Менталы почувствовали, когда кеноид взял человека под контроль, сняли крышку и удивленно присвистнули:
- Хрена се. Смотрите, ребята, это же ириний!
И верно, ящик до самого верха был набит серебристыми крупинками. Несведущий человек мог запросто спутать его со строительной мучкой, немного странной и блестящей, которая стоила немало миллионов в самой твердой валюте, в рублях. На одном кубическом сантиметре ириния, заключенном в топливный элемент, работяга «Пегас» или гоночный «Орион» могли работать около пяти лет. Гигант вроде «Руслана» или «Мрии» летал больше года, а советская космическая отрасль уже давно перешла на двигатели академика Шумана. Старый пройдоха хоть и сидел бирюком на Экс-один, но мечту о звездах не предал, давно рассчитал, спроектировал маршевые установки и передал особистам.
Крупинки побежали в стороны, из них показалась человеческая рука, схватилась за стенку и медленно подняла тело. Увидев лесников, урка пытался закричать, но Аргус заблаговременно заклеим ему рот и тому только и оставалось, что выпучив глаза медленно выбираться из ящика.
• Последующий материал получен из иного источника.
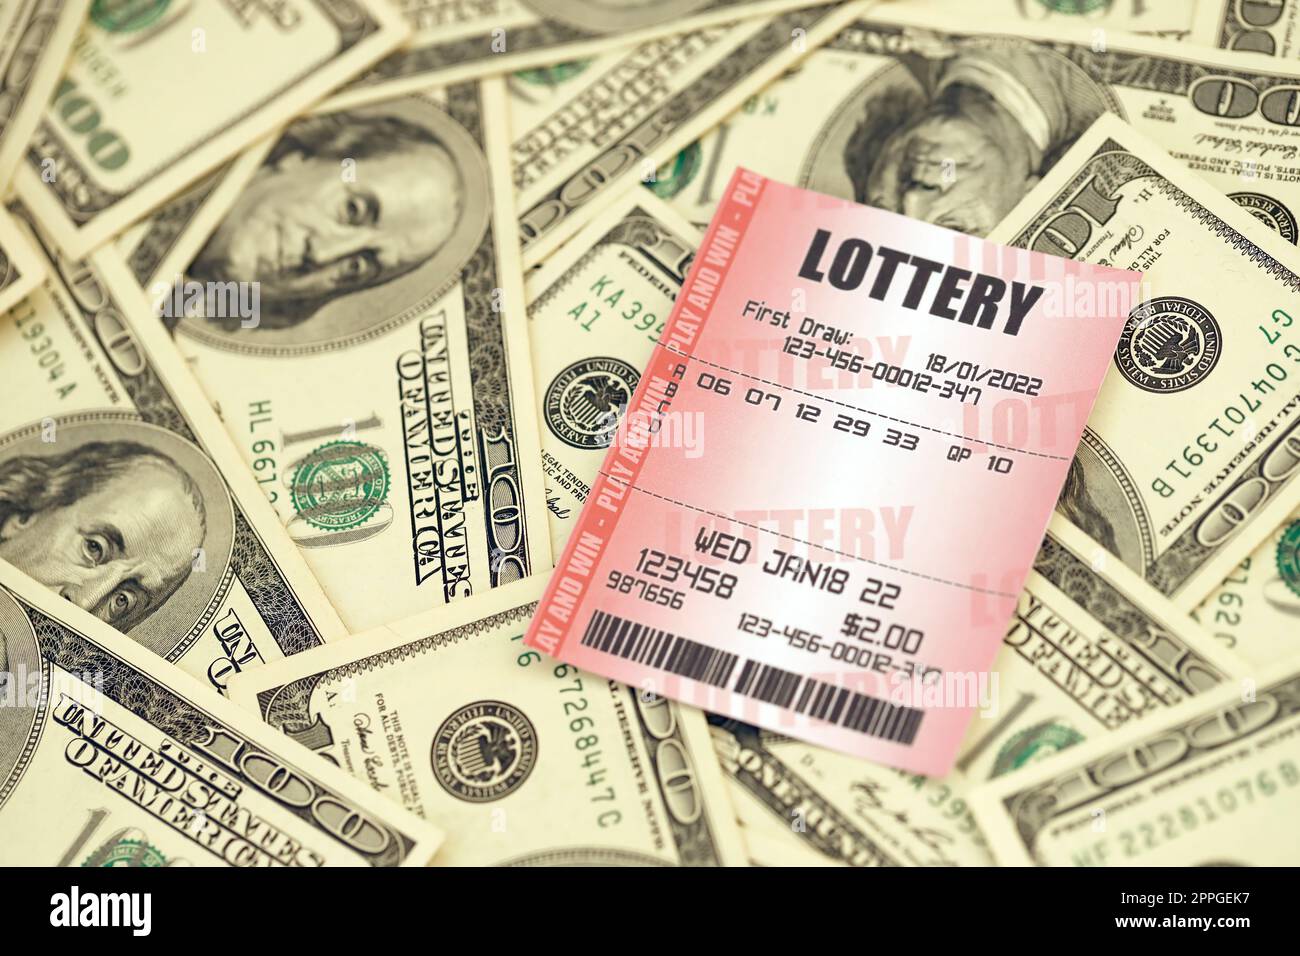 Billet de loterie rouge se trouve sur une grande quantité de billets de cent dollars. Concept de jeu de loterie ou dépendance au jeu. Gros plan Banque D'Images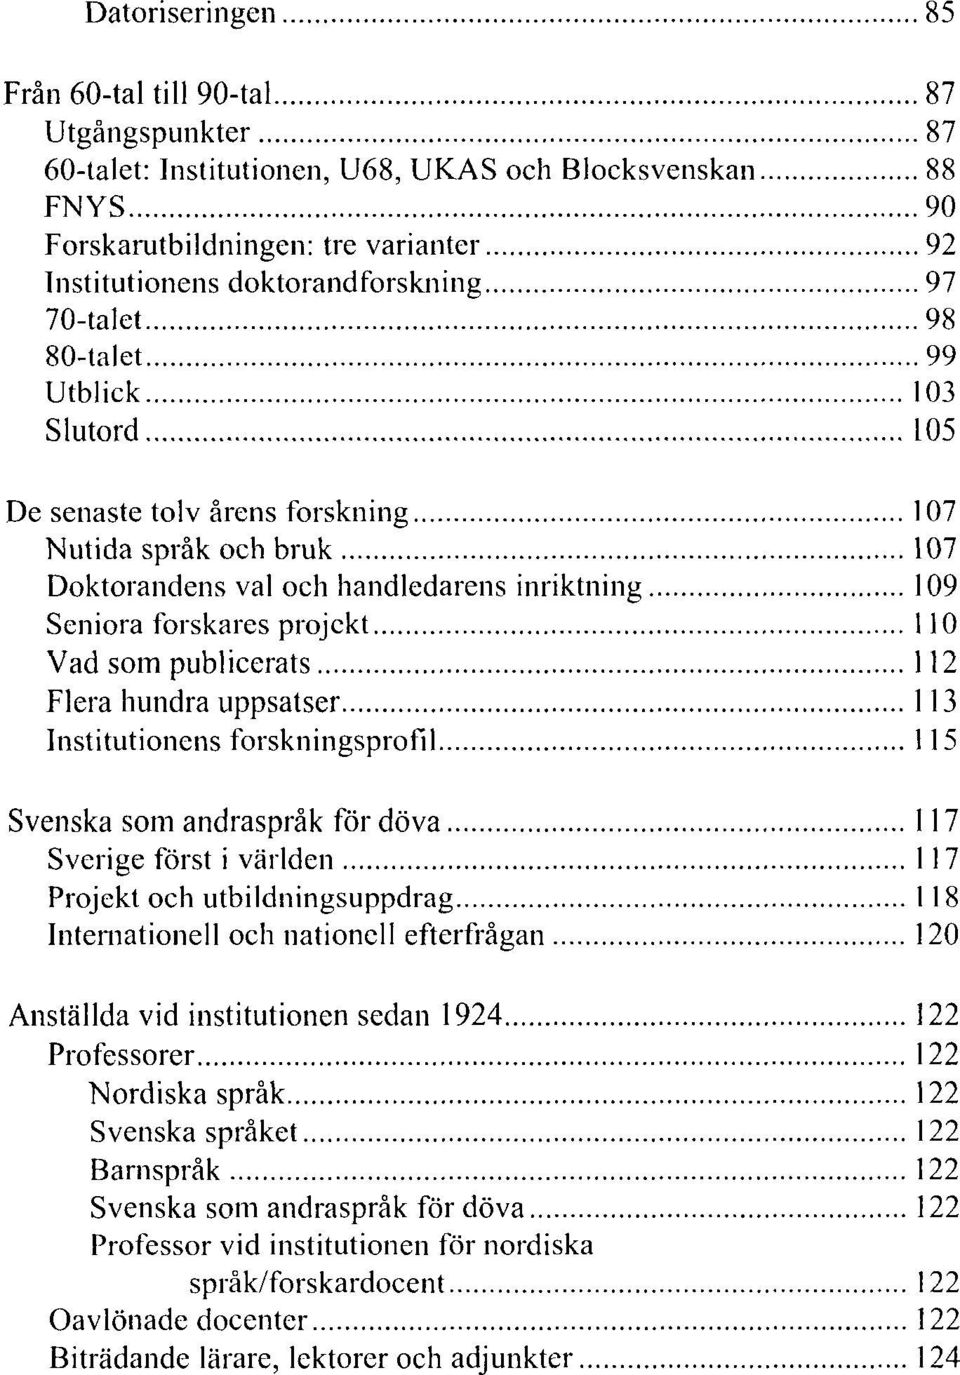 publicerats 112 Flera hundra uppsatser 113 Institutionens forskningsprofil 115 Svenska som andraspråk för döva 117 Sverige först i världen 117 Projekt och utbildningsuppdrag 118 Internationell och

Хмель заинтересованно зачерпнул горсть сребристого бисера:
- Елки, так он же ни хрена не весит. Кипа, а ну как подсоби!
Схватившись с обеих сторон за громоздкий ящик, они неожиданно легко оторвали его от пола и подняли над головой:
- Да тут только сами доски и весят. Знатно уркаганы устроились, да один такой ящик стоит… в общем много.
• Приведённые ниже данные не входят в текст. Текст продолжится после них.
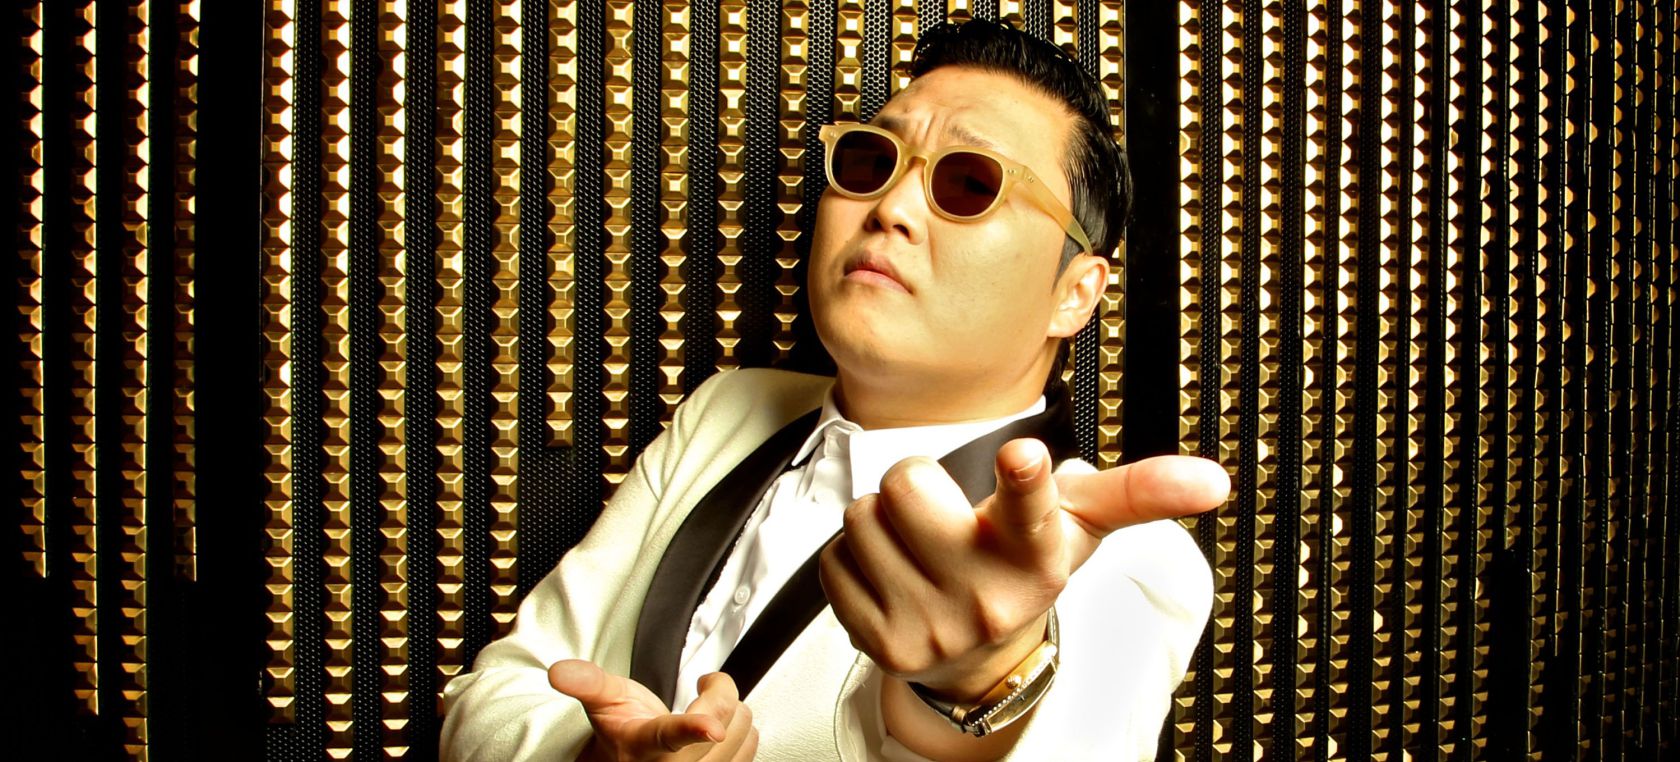 El fenómeno ‘Gangnam Style’ de PSY regresa 10 años después gracias a TikTok

Аргус ослабил хватку и урка тут же забился между ящиков, что-то залепетав, прикрывая голову руками.
-М-да – задумчиво посмотрел на дрожащего бандюка ментал – знатно же его приложило. Вытянуть из него что-то путное не получиться. Жаль. Придется прибегнуть к прямой трансляции, не ждать же когда у него в голове просветлеет. Хмель, Горицвет – наверх, и смотреть в оба. Грета, Топаз - сканировать каждое шевеление, особенно от Шахт.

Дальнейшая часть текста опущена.